## [WHAT IS NEEDED]
Using the data below, transcribe exactly everything from the line that contains "TRIALTA 10 Tipps für gute Blogposts" down to the line that contains "左のイラストは、今回のイベン". Include both of those lines and none of the pictures.

***** DATASET *****

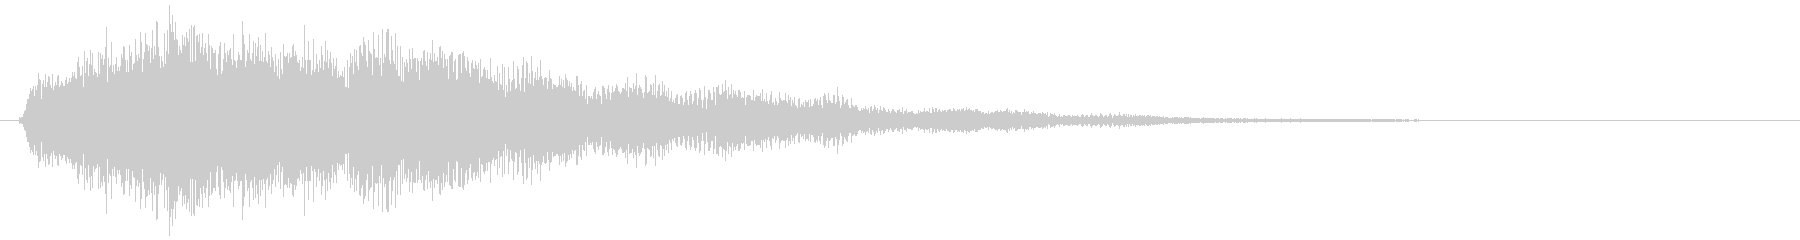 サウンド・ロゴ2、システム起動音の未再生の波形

*****
***** DATASET *****

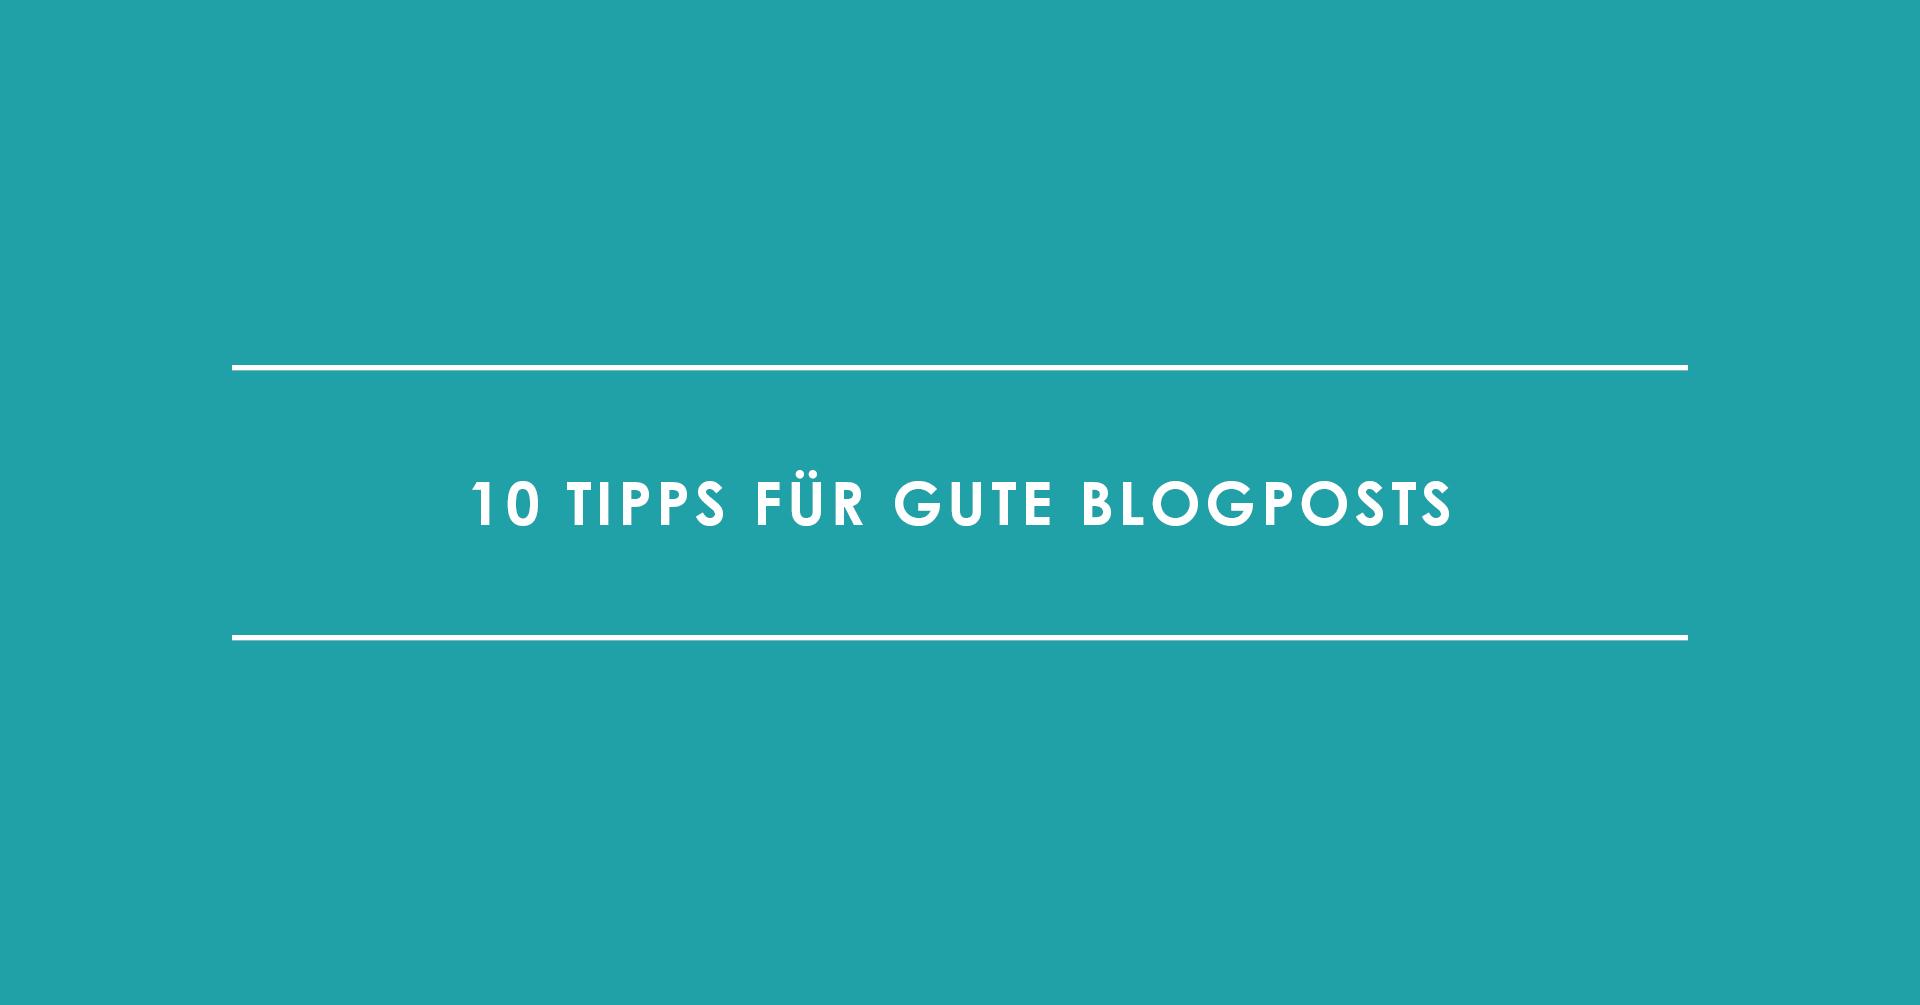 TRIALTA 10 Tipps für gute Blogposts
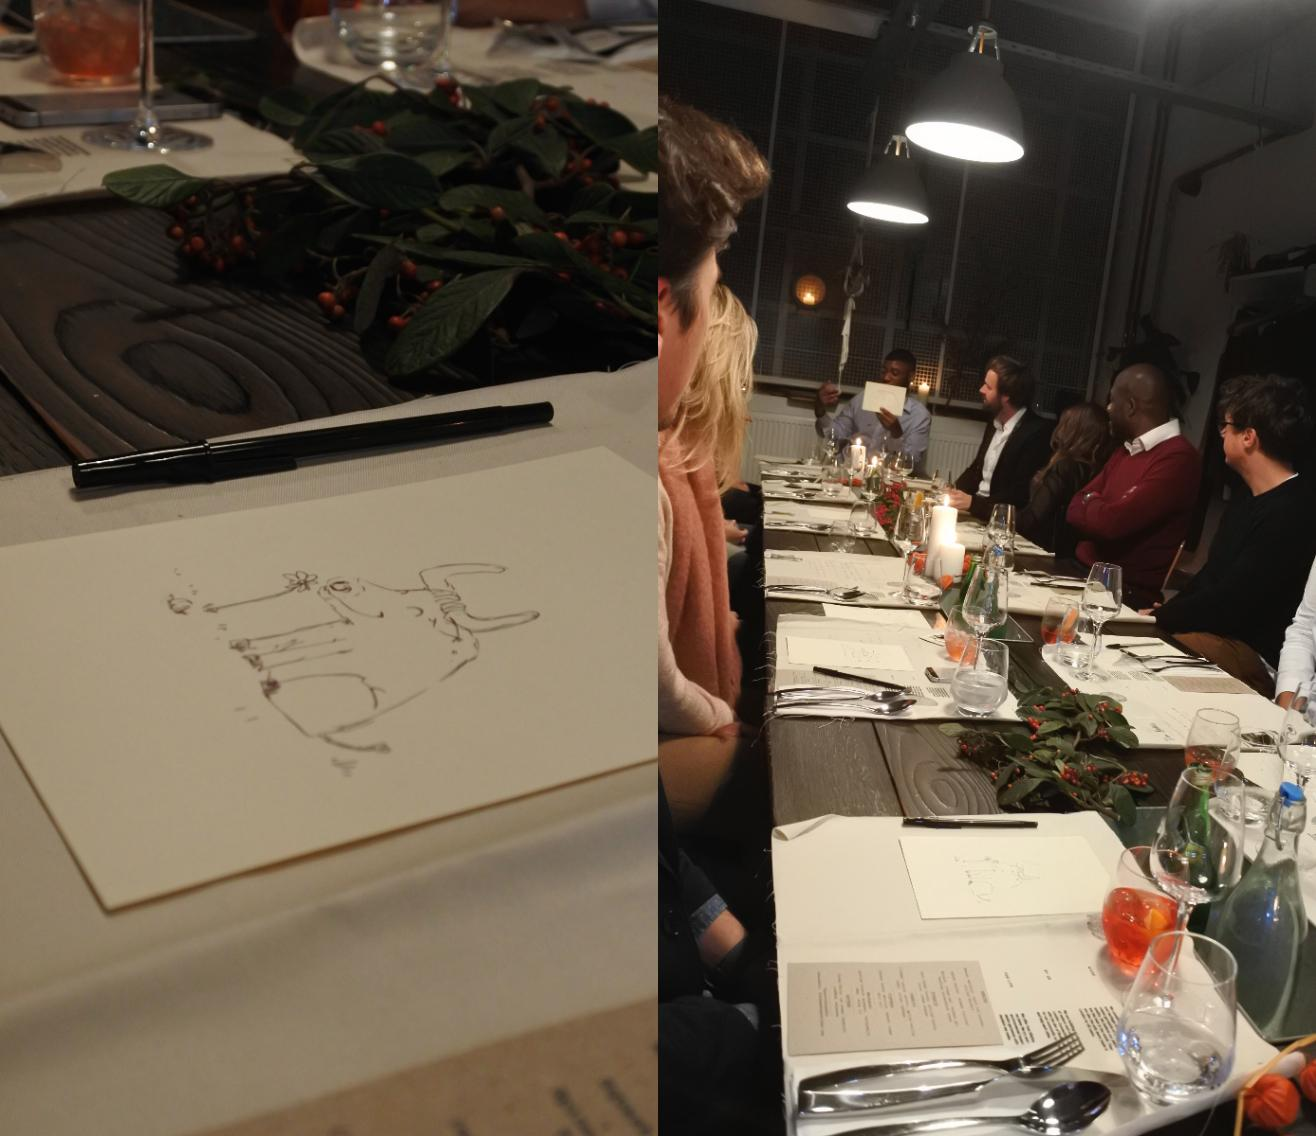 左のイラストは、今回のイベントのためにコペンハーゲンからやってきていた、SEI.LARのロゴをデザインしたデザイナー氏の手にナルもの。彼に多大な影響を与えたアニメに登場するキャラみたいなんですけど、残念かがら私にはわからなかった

*****

## [SOLVED EXERCISE]
 TRIALTA 10 Tipps für gute Blogposts
 左のイラストは、今回のイベントのためにコペンハーゲンからやってきていた、SEI.LARのロゴをデザインしたデザイナー氏の手にナルもの。彼に多大な影響を与えたアニメに登場するキャラみたいなんですけど、残念かがら私にはわからなかった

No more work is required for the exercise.